EmilyAlsentzer / clinicalBERT

repository for Publicly Available Clinical BERT Embeddings
MIT License
673 stars 135 forks source link

Unable to reproduce results #2

Closed ZhaofengWu closed 5 years ago

ZhaofengWu commented 5 years ago

I can't seem to reproduce your results on MedNLI with the two released models using the same hyperparameters presented in your paper's Appendix B. You reported 84-85%, but I can only get to 81-82% on the test set. Do you know why? Are the reported results on the dev set or the test set? If relevant, I'm using the pytorch-pretrained-bert repo.

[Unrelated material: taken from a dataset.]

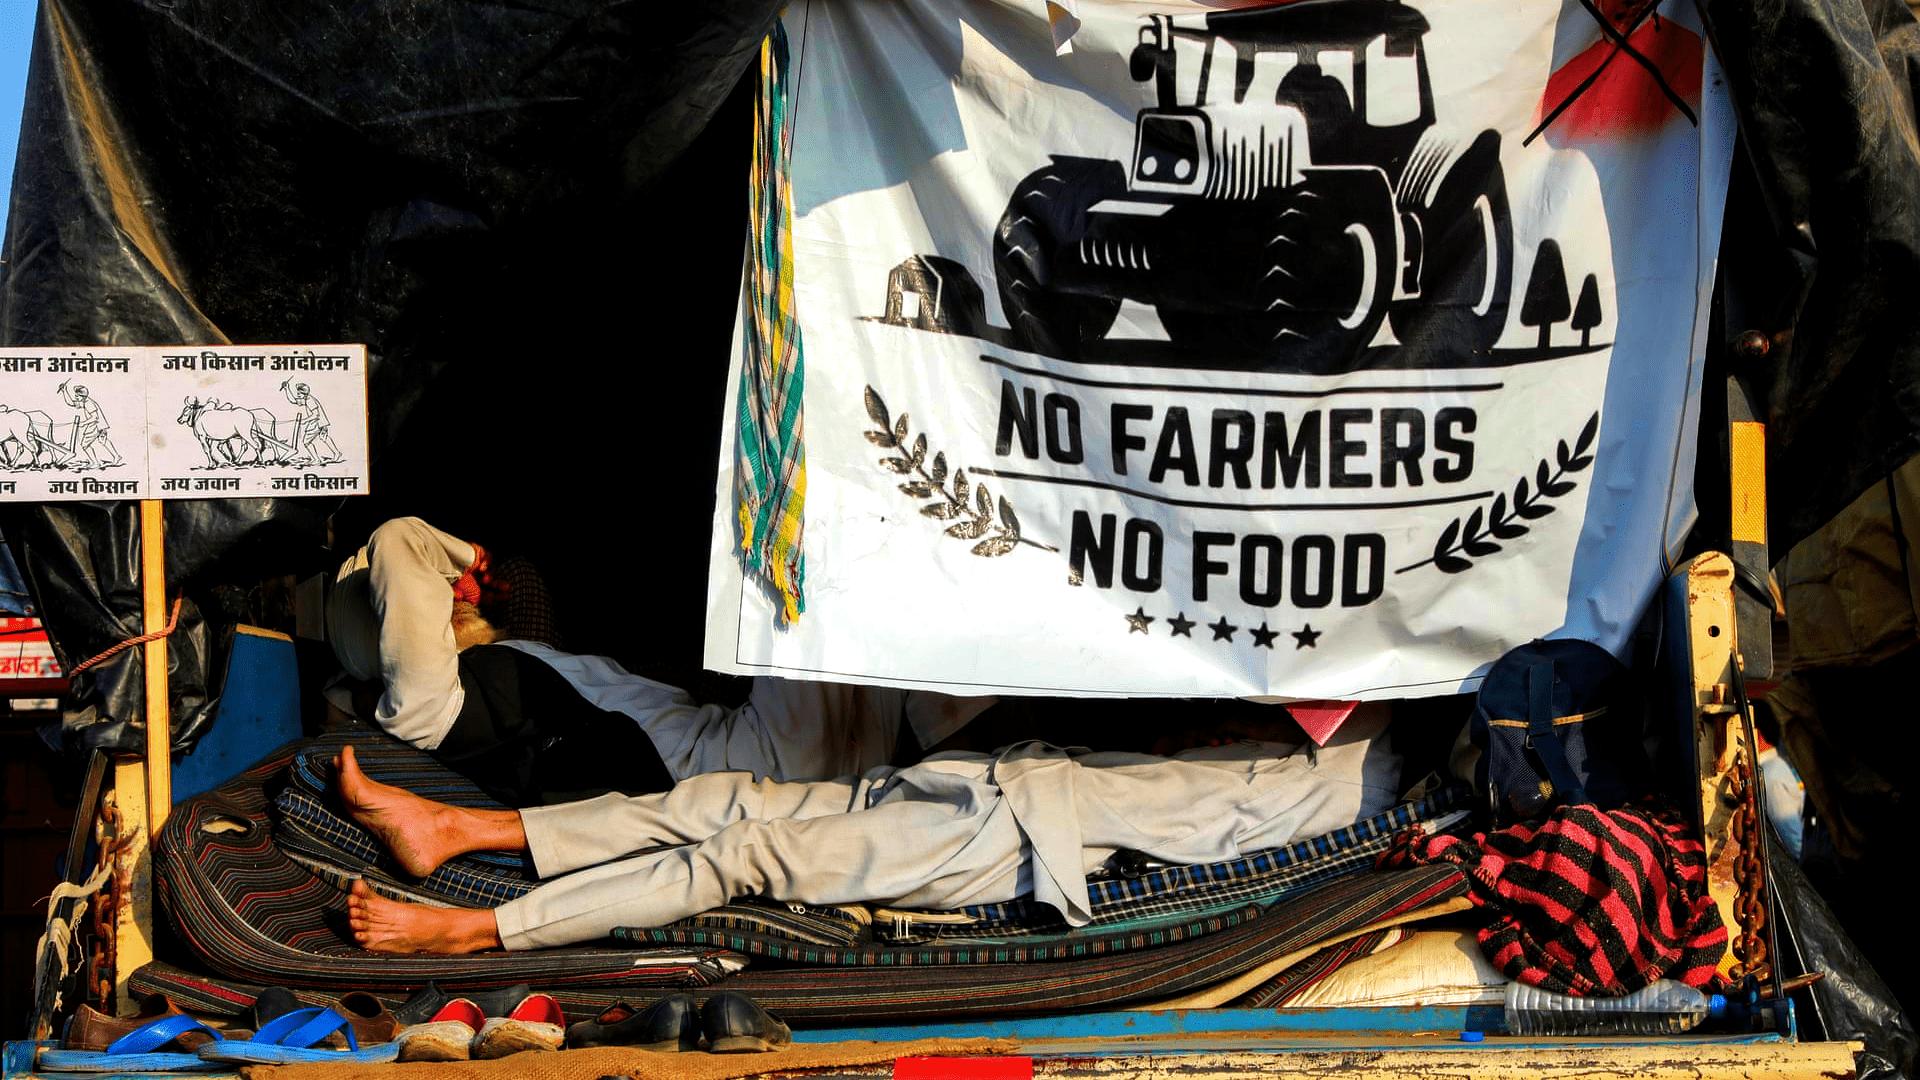 1920x1080 Nông dân Ấn Độ áp đảo Thủ đô trong các cuộc biểu tình phá kỷ lục Trang web được yêu thích

EmilyAlsentzer commented 5 years ago

The results are reported on the test set after hyperparameter tuning on the dev set. We found that the best parameters for the model trained on all notes was LR = 2e-5, batch size = 16, and epochs = 4. We'll be releasing our code shortly, but we did little to adjust the run_classifier script from the pytorch-pretrained-bert repo.

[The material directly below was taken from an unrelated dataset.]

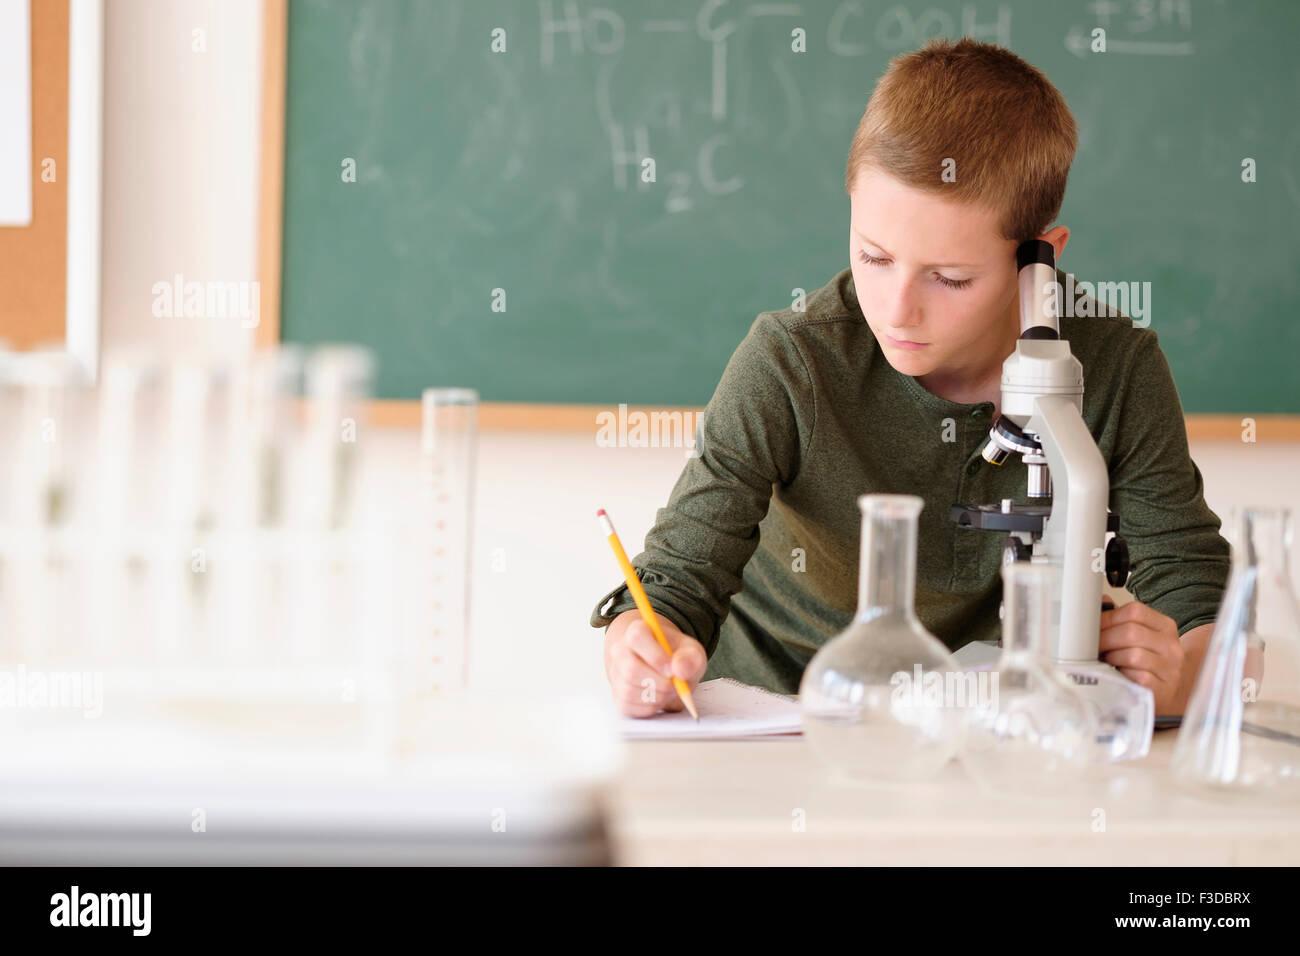 Ragazzo (8-9) prendendo appunti in classe Immagini Stock

EmilyAlsentzer commented 5 years ago

We've looked into this further and discovered a small bug was causing us to report results on dev set for the MedNLI task only. Thanks for your help in discovering this! We've resubmitted to arxiv, and the new version should be available shortly.

sudarshan85 commented 5 years ago

The results are reported on the test set after hyperparameter tuning on the dev set. We found that the best parameters for the model trained on all notes was LR = 2e-5, batch size = 16, and epochs = 4. We'll be releasing our code shortly, but we did little to adjust the run_classifier script from the pytorch-pretrained-bert repo.

Do you have a timeline on when the code will be available?

cbockman commented 5 years ago

FYI @EmilyAlsentzer it appears--if I'm interpreting things correctly--that your v2 properly updates Table 2 for the MedNLI #s but not in the discussion text (section 4, "Notably, on MedNLI, clinical BERT actually yields a new state of the art, yielding a performance of 85.4% accuracy...").

EmilyAlsentzer commented 5 years ago

@cbockman thanks for the heads up, we've posted a v3 with the typo fixed.

Preprocessing code is available on the repo now. Apologies for the delay in posting!